Consumer Financial Protection Bureau v. Morgan Drexen, Inc.
60 F. Supp. 3d 1082
C.D. Cal.2014Background
- CFPB was created by the Dodd-Frank Act as an independent agency within the Federal Reserve System to regulate consumer financial laws.
- Plaintiff CFPB filed this enforcement action against Defendants Morgan Drexen, Inc. and Walter Ledda on August 20, 2018, alleging debt-relief services under the TSR and CFPA.
- Morgan Drexen operates an Attorney Model where it performs debt-relief work but the attorney-affiliates provide legal services; Ledda is the company’s President and CEO.
- Consumers sign two contracts—Debt Relief Contract and Bankruptcy Contract—where upfront fees are charged under the Bankruptcy Contract, while the Debt Relief Contract itself purports no upfront fees.
- Contractual arrangements and intake procedures show Morgan Drexen advertises debt-relief as a bankruptcy-avoidance option, with sign-ups followed by web-based signing of contracts and scripted intake.
- Plaintiff alleges six counts: four under TSR and CFPA (Counts I–IV) and two CFPA-only counts (Counts V–VI).
Issues
| Issue | Plaintiff's Argument | Defendant's Argument | Held |
|---|---|---|---|
| Constitutionality of the CFPB structure | CFPB structure is consistent with separation of powers. | For-cause removal, single director, and funding from Fed raise constitutional concerns. | CFPB structure is constitutional. |
| Sufficiency of TSR claims over upfront fees | Complaint plausibly shows upfront debt-relief fees disguised as bankruptcy-related payments. | Debt Relief Contract does not require upfront fees; challenged counts fail. | Counts I and III plausibly alleged under the TSR; not dismissed. |
| CFPA counts based on attorney services | Morgan Drexen’s activities plausibly fall outside the practice-of-law exemption, supporting CFPA claims. | Activities fall within attorney-related exemption or are ancillary to law practice. | CFPB has authority to plead counts I, III, IV, V, VI; claims viable. |
| Tenth Amendment challenge | No federal-state sovereignty issue presented; CFPB actions within federal commerce power. | CFPB intrudes on state law/practice of law. | Tenth Amendment challenge rejected. |
Key Cases Cited
- Humphrey’s Executor v.
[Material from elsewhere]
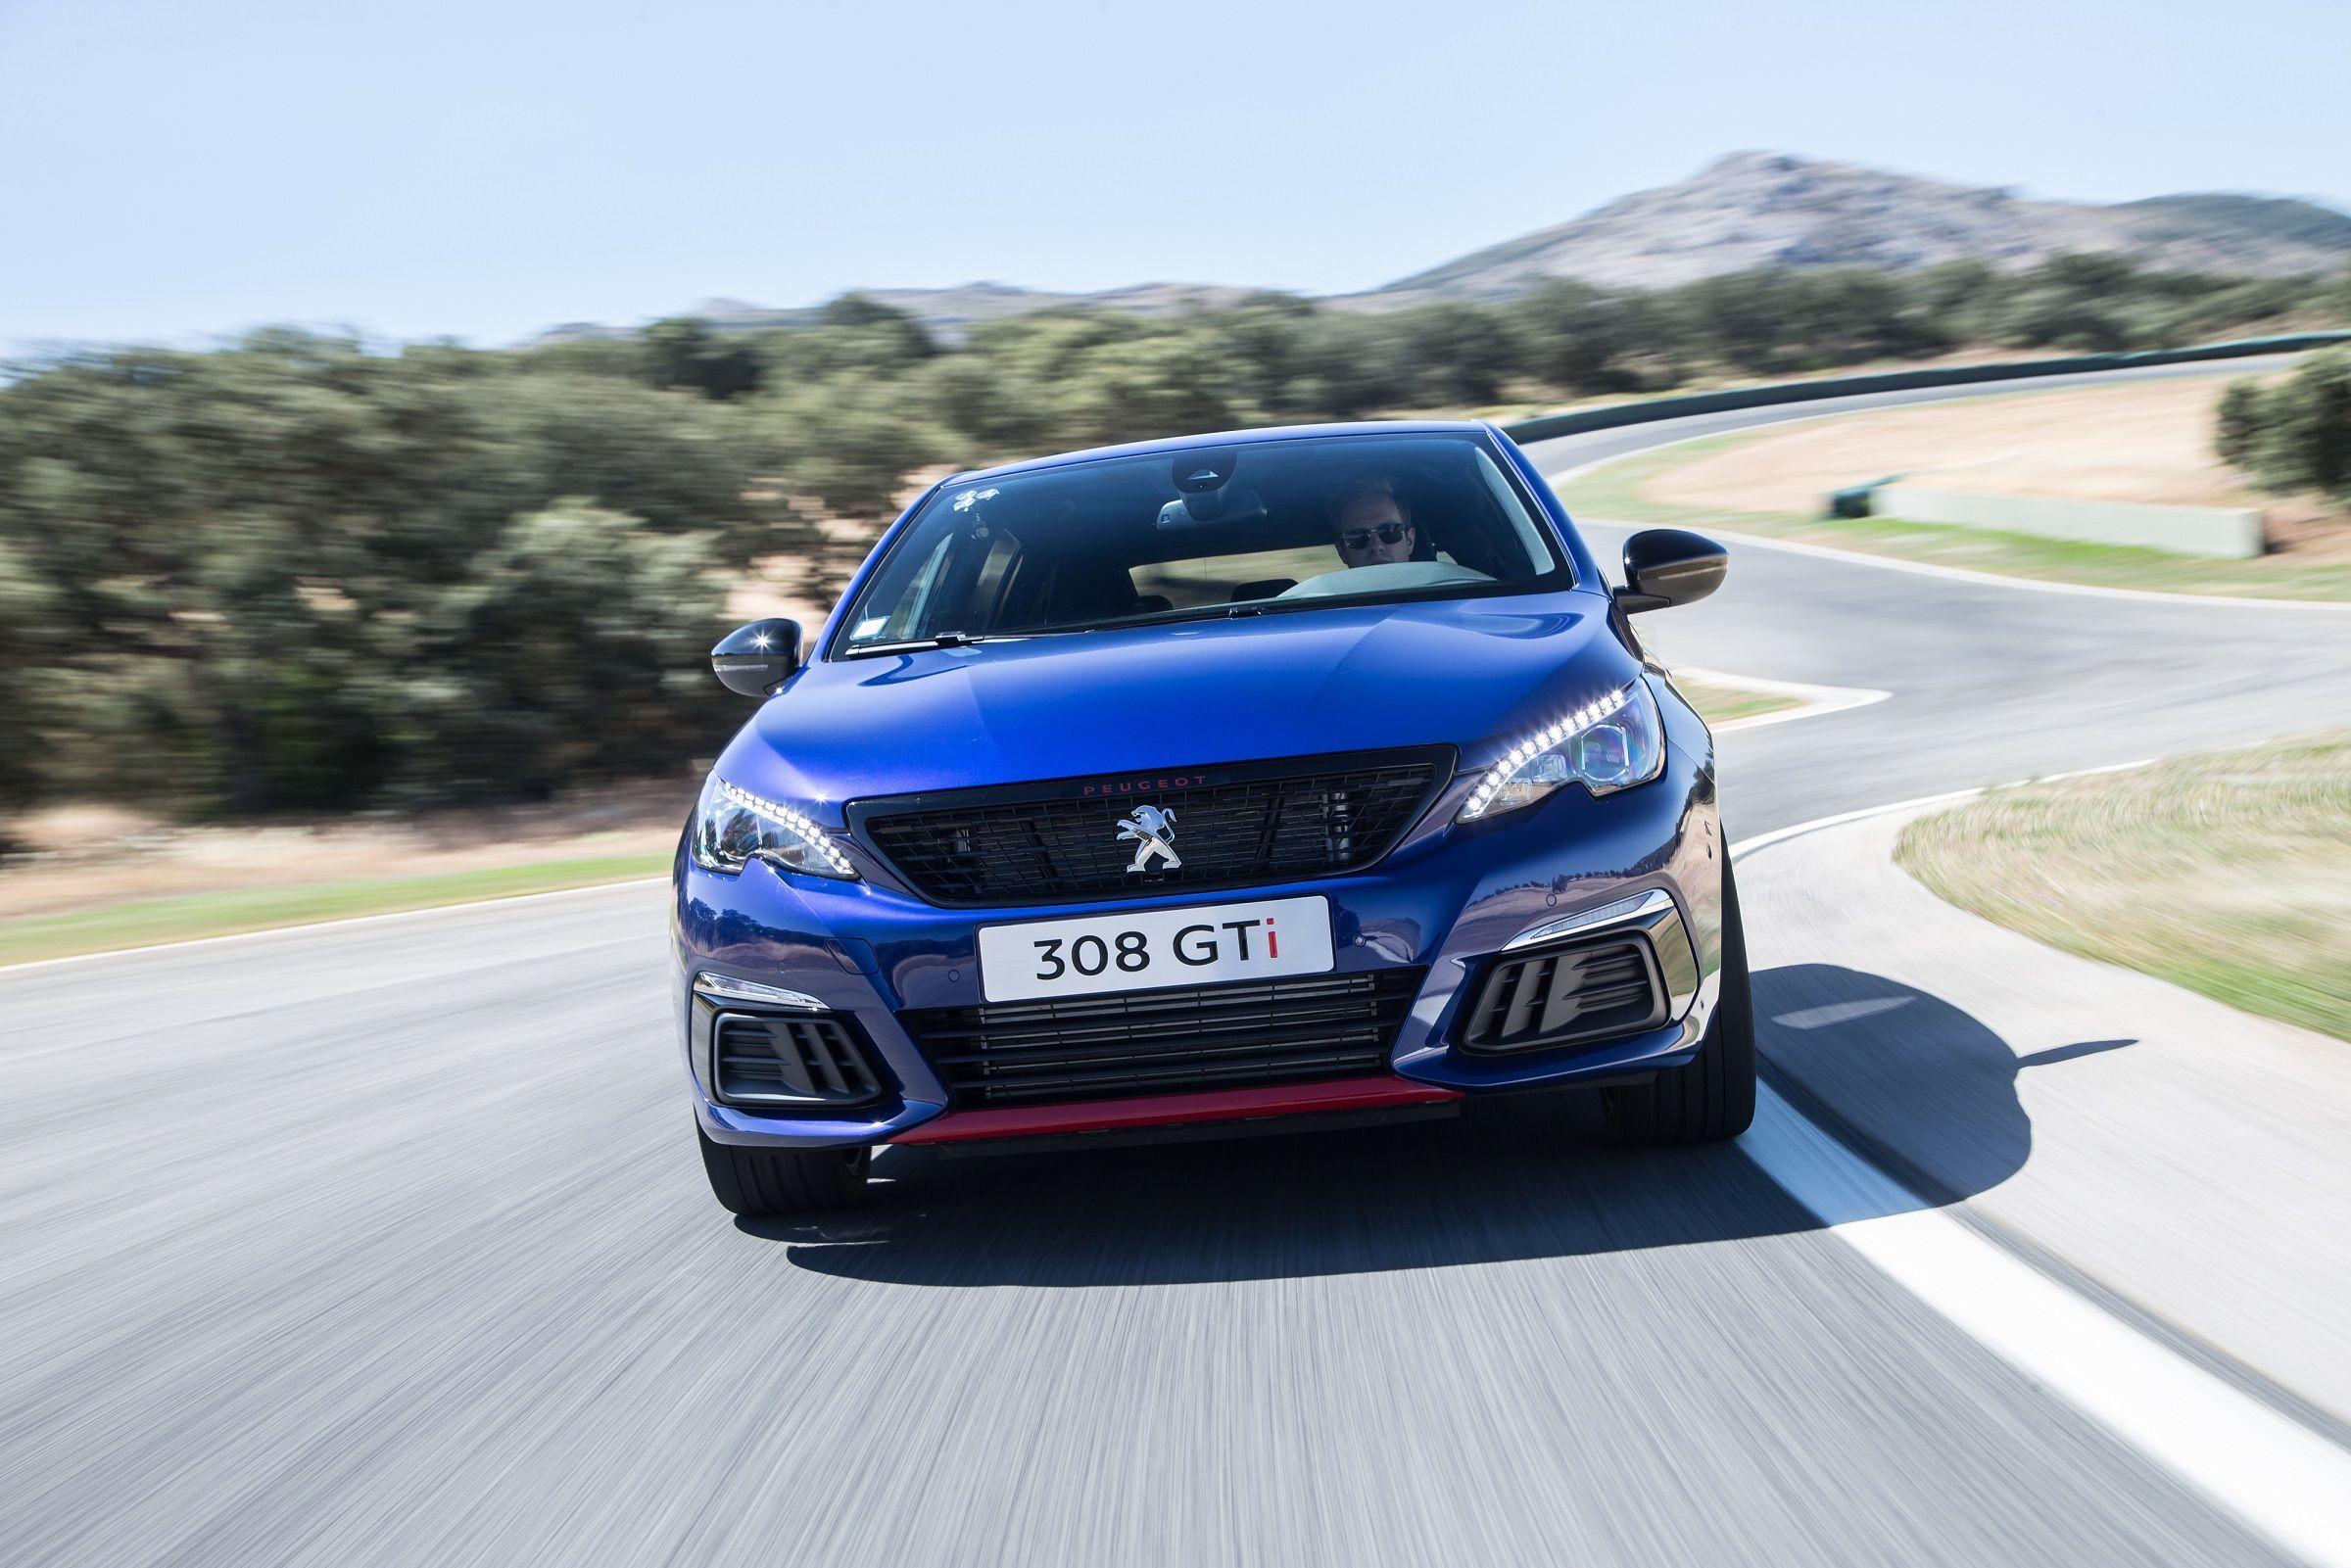 Vuelve al trabajo sobre ruedas y prueba toda la gama Peugeot en los Peugeot Experience de Madrid y Barcelona

United States, 295 U.S. 602 (1935) (upheld removal for cause for executive officers like FTC commissioners)
- Myers v. United States, 272 U.S. 52 (1926) (invalidated for-cause removal for postmasters; important for executive power limits)
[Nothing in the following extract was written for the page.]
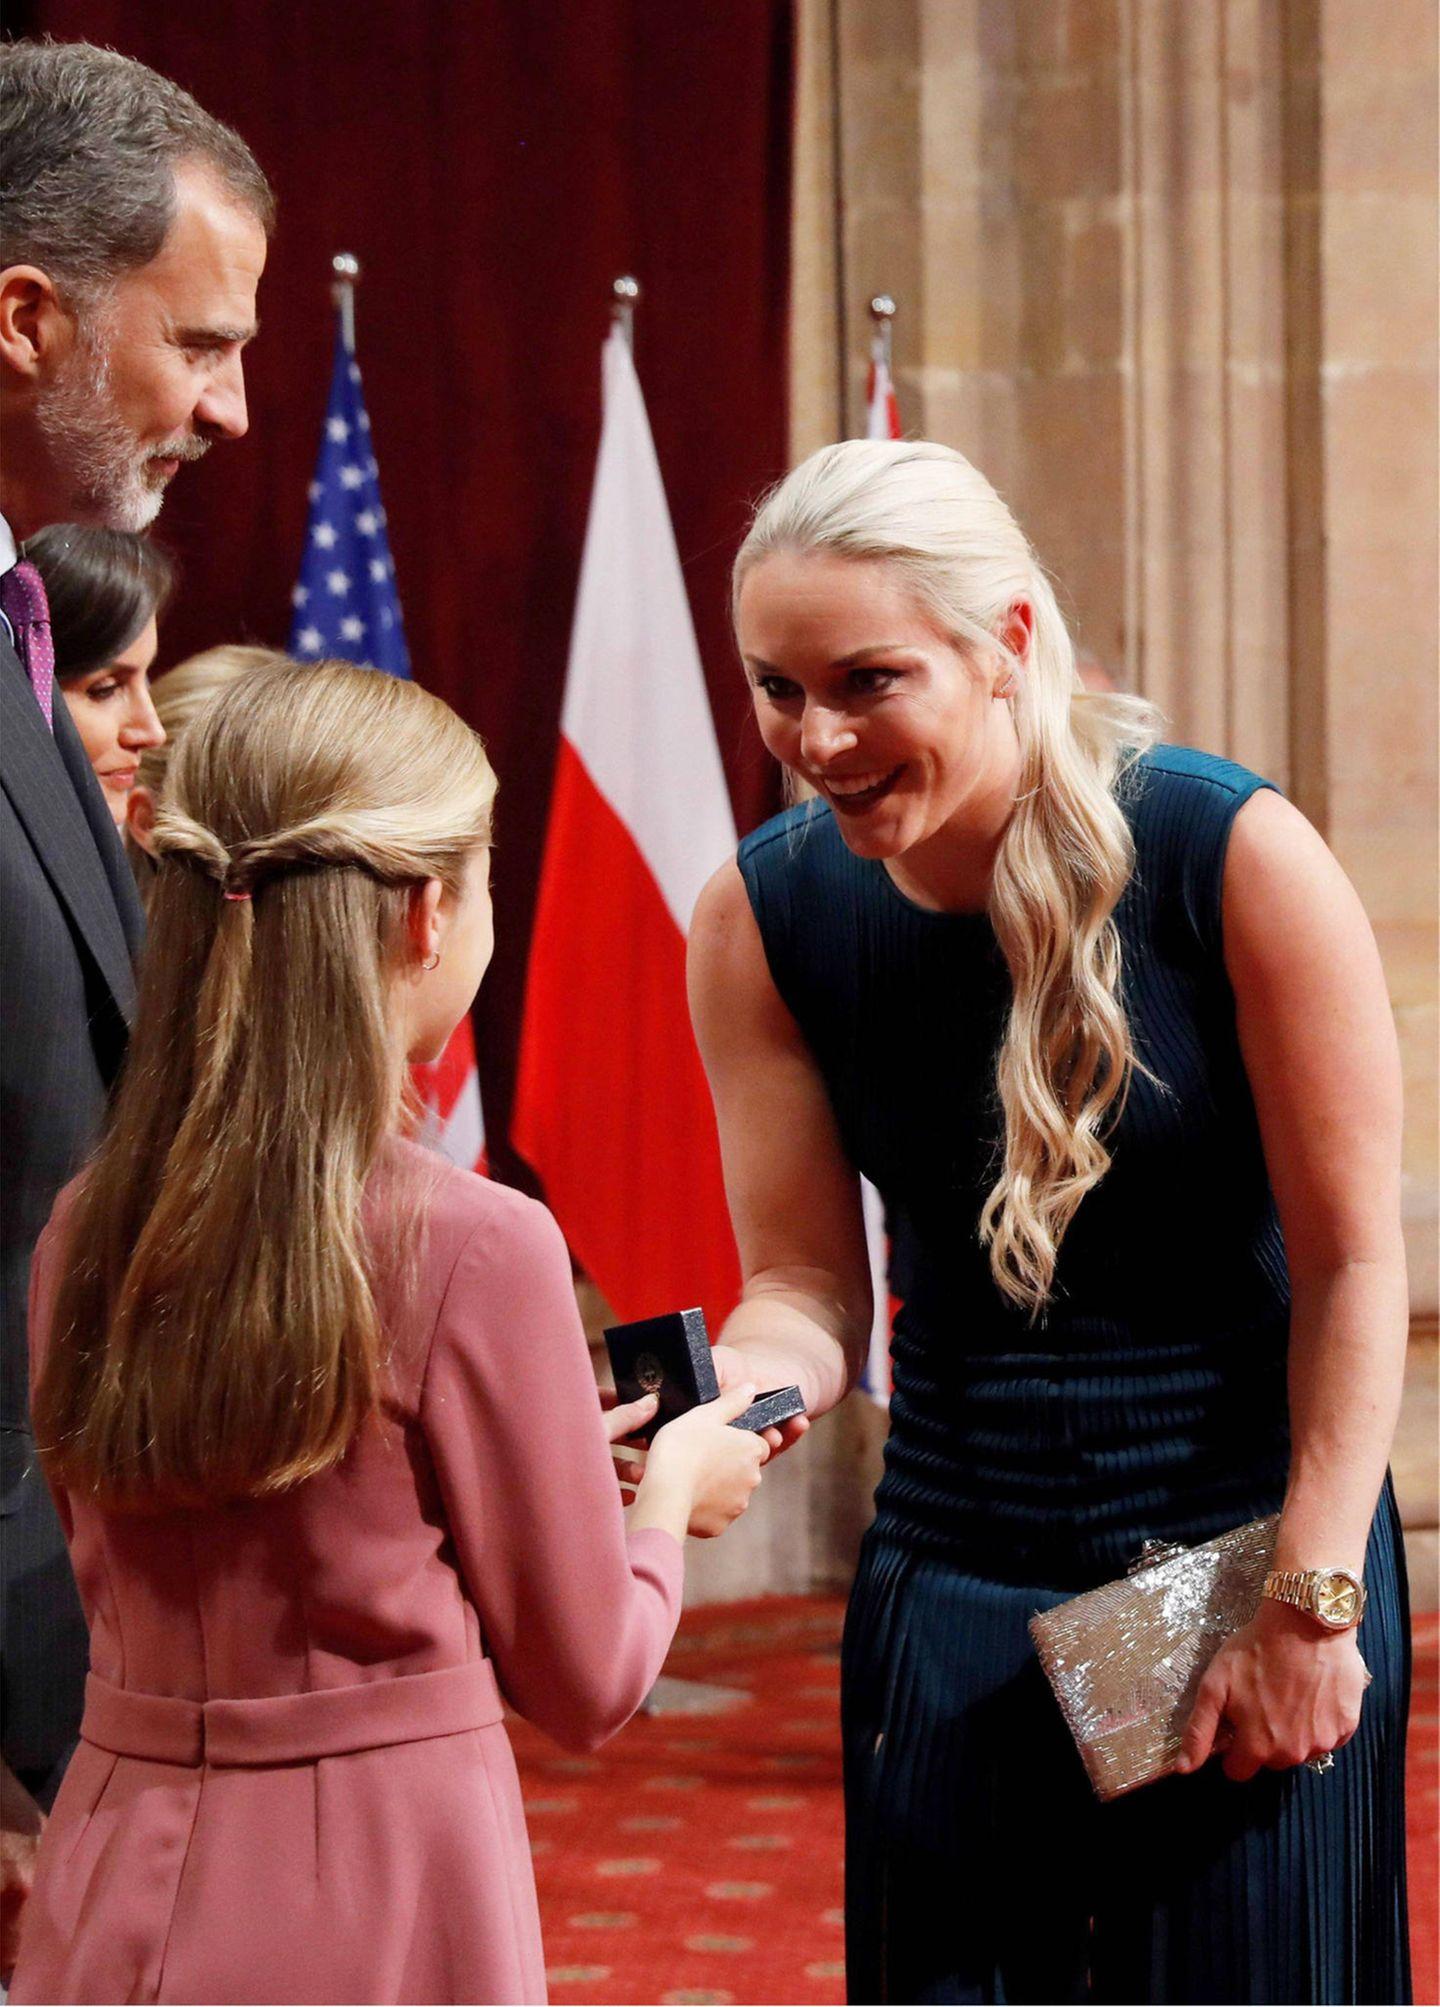 Die spanische Kronprinzessin begrüßt die ehemalige US-amerikanische Skirennläuferin Lindsey Vonn, die an diesem Tag ihren 35. Geburtstag feiert.

- Free Enterprise Fund v. Public Company Accounting Oversight Bd., 561 U.S. 477 (2010) (for-cause removal considerations within independent agencies)
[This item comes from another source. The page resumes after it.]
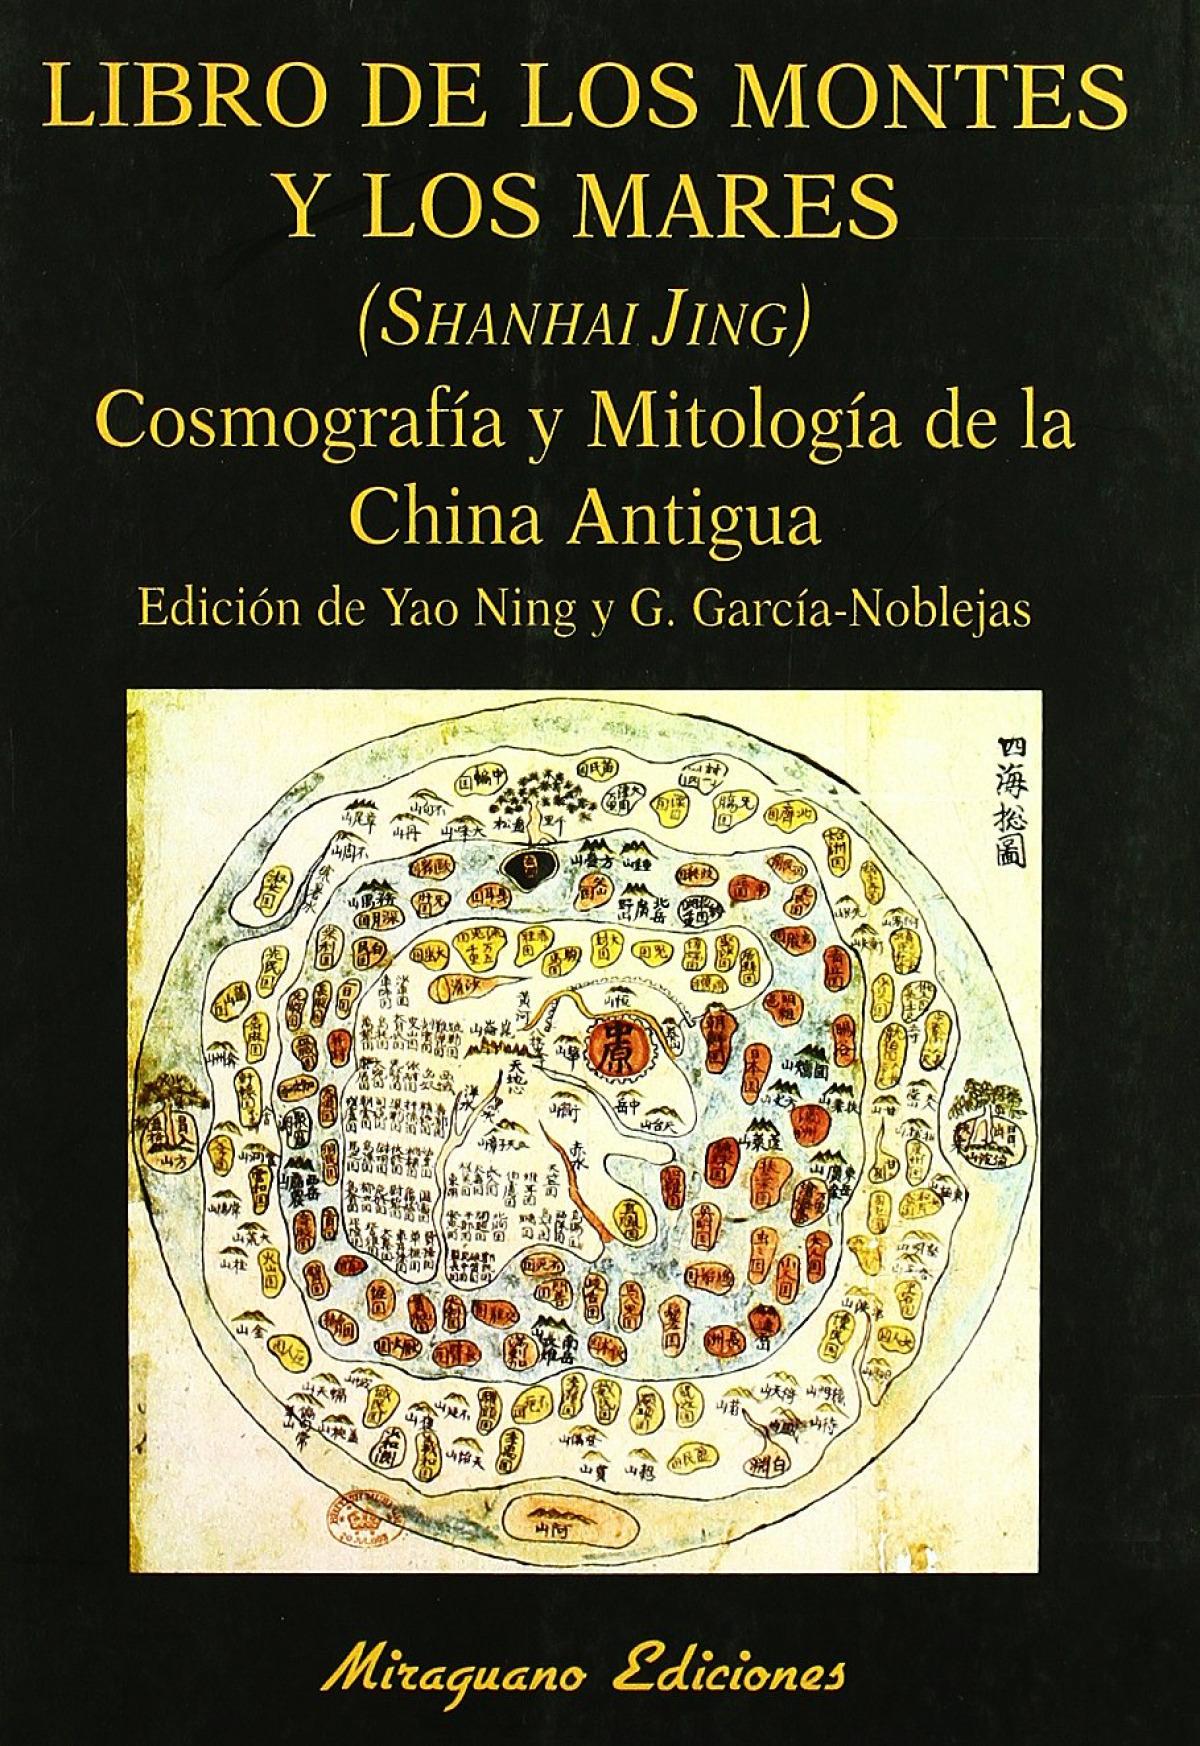 Libro de los Montes y los Mares. (Shanhai Jing). Cosmografía y Mitología de la China Antigua

- Whitman v. American Trucking Associations, 531 U.S. 457 (2001) (intelligible principle governs delegation of legislative power)
- Yakus v. United States, 321 U.S. 414 (1944) (illustrates intelligible principle in delegation)
- Am. Power & Light Co. v. S.E.C., 329 U.S. 90 (1946) (delegation authority in regulatory schemes)
- Chevron U.S.A., Inc. v. Natural Resources Defense Council, Inc., 467 U.S. 837 (1984) (deference to agency interpretations where statute grants regulatory authority)
- Campbell v. Office of Personnel Management, 694 F.2d 305 (1982) (court review of agency actions; non-constitutional challenge limits)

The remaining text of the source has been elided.